Synopsis: With 128 signatories and USD 43 trillion AUM, now almost half of all global assets under management are committed to Net Zero goals, under the Net Zero Asset Managers initiative (NZAMi). NZAMi is a group of Asset Managers that aims to lower the carbon footprint of their portfolios and reach net zero by 2050, in a systematic and time bound targeted way. Asset Managers are expected to set an interim target for the proportion of assets to be managed in line with the attainment of net zero emissions by 2050 or sooner and then review interim target at least every five years. There is a lot of detailing on how this will be done and we think all of these will have serious implications: a) If Asset Managers need to create investment products aligned with net zero emissions by 2050, we can expect that the Asset Managers will be launching more such funds and that will give more choice to investors, b) Asset Managers need to address the climate change challenge through a more comprehensive portfolio-based evaluation, c) NZAMi is not limited to any particular asset class and the Asset managers will have to think about their portfolios much more holistically. While it is not easy to cover stocks, bonds and private investments will be even more complicated, d) Companies will increasingly come under more pressure from investors as shareholder activism will increase and the Asset Managers will be more vocal and assert themselves, e) Apart from emission targets and portfolio alignment, Asset Managers are committing to more transparent and rigorous accountability and this will give further impetus to better disclosure and reporting.

Net Zero: A step in the right direction

By each passing day, climate change is getting more and more attention and some terms related to it are being used more often these days. For example, now a days “Net zero” is increasingly and more prominently in the news. So what is Net zero? Simply put, Net zero means achieving a balance between the greenhouse gases put into the atmosphere and the greenhouse gases taken out. In other words, Net zero will be achieved when the amount of greenhouse gases humankind emits equals the greenhouse gases it removes. It can also be called carbon neutral. Net zero can significantly contribute in tackling climate change through limiting greenhouse gas emissions.

However, Net zero is different from Gross zero, which means stopping all emissions. That is something which is neither desirable nor achievable. Gross zero is an unrealistic target considering it would mean the complete overhaul of modern lifestyle. Nevertheless, for mitigating the climate change risk, Net zero is good enough as it considers emissions on an overall basis. This Net zero target is still many years away even if all goes well, but practically speaking, it will be achieved using methods which include, a) reducing unnecessary and avoidable emissions, b) increasing forest cover as trees take carbon dioxide from the atmosphere, c) through new technology.

Net Zero Asset Managers Initiative: Asset Managers’ way to ‘Net zero’

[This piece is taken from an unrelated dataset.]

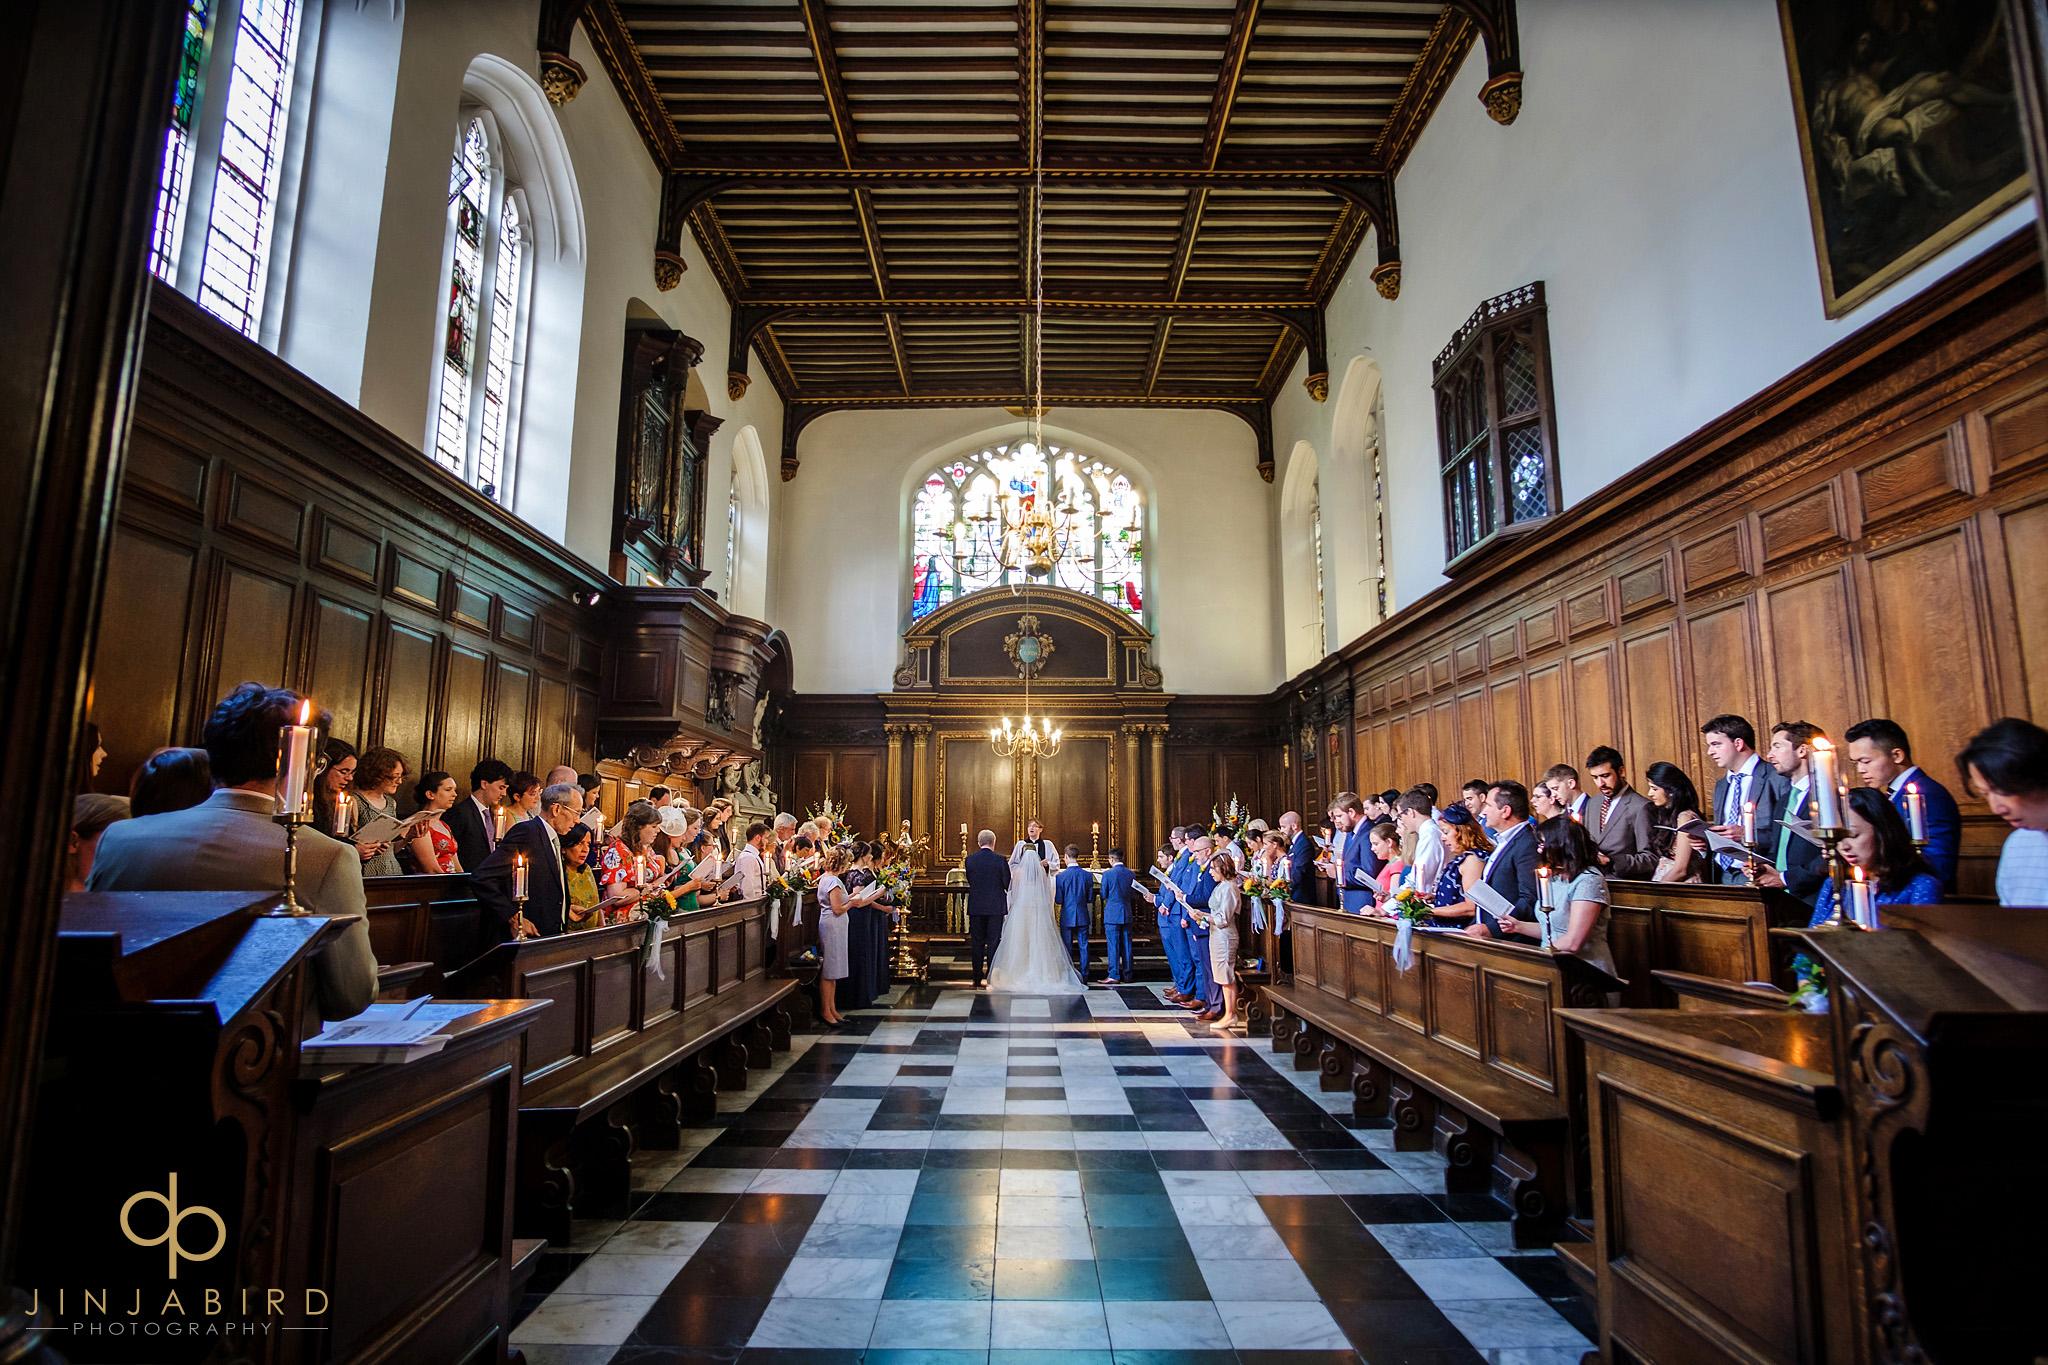 christs college wedding ceremony
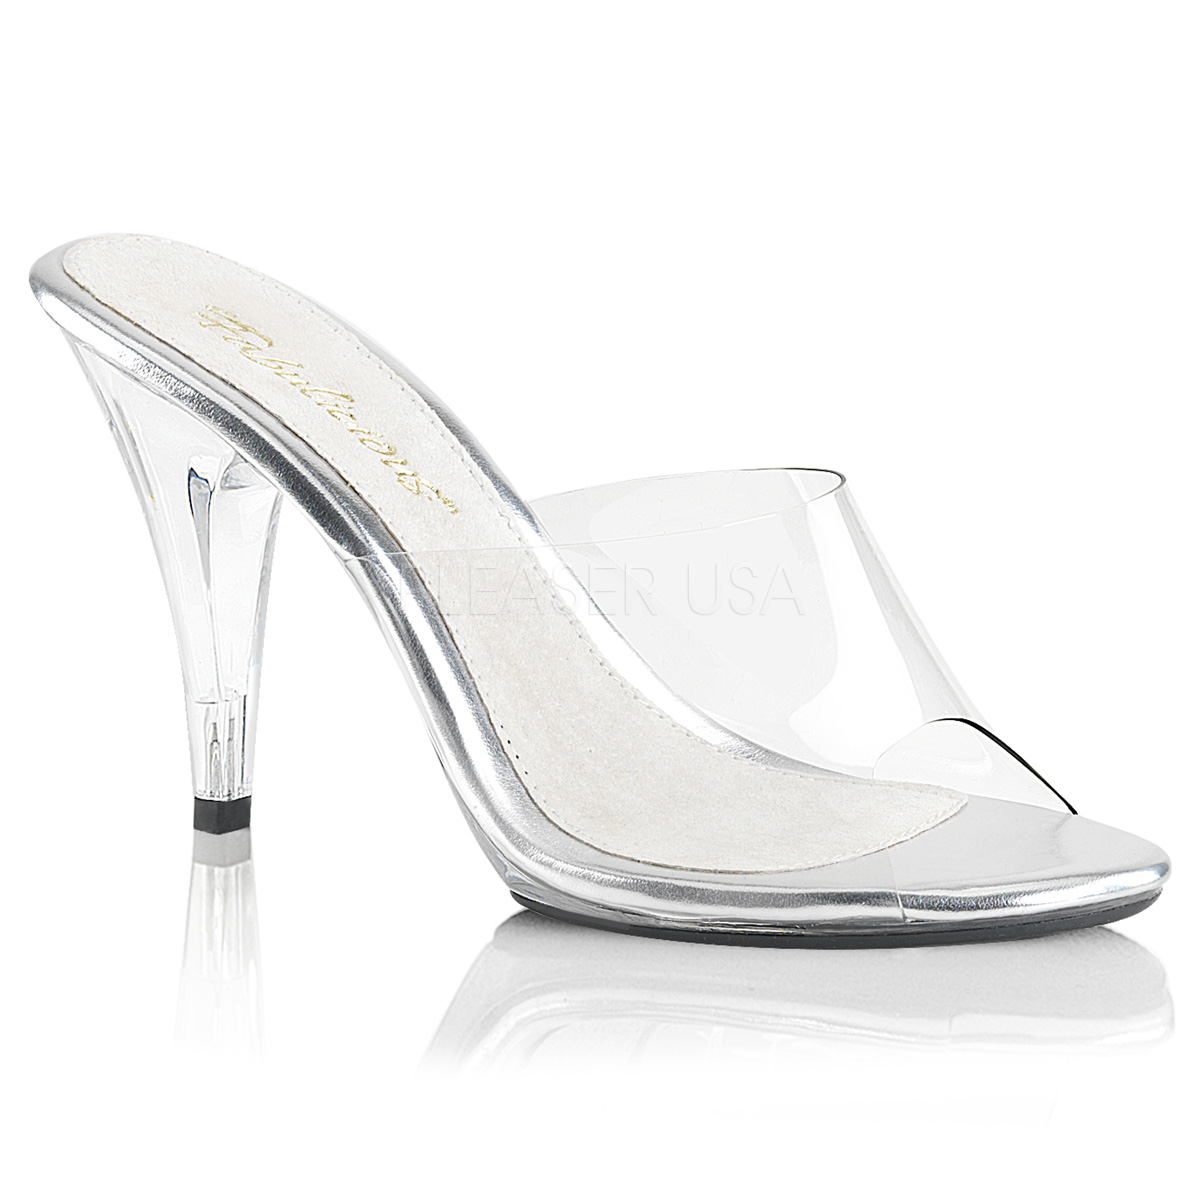 Caress 401 Posing Shoes with no platform

If Net Zero is important, how can we achieve it or make progress in that direction? One important way this can be achieved is through ensuring that the flow of money gets directed by this objective. This is exactly what the Net Zero Asset Managers Initiative (NZAMi) has been trying to achieve in a planned and systematic manner. NZAMi was launched in December 2020 and the asset managers associated have committed to support achieving net zero greenhouse gas emissions latest by 2050 and will be aligning their investments to limit warming to 1.5 degrees Celsius.

For a Climate change initiative that was launched barely six months ago, NZAMi has grown rapidly and it has come a long way in a very short span of time. The NZAMi already has 128 signatories and a cumulative $43 trillion in assets under management with a focus on encouraging the global asset management industry to commit to a goal of net zero emissions and making progress in a timebound manner. What would you call a 47% growth in the number of signatories and a 16% growth in assets under management (AUM), in just two and a half months?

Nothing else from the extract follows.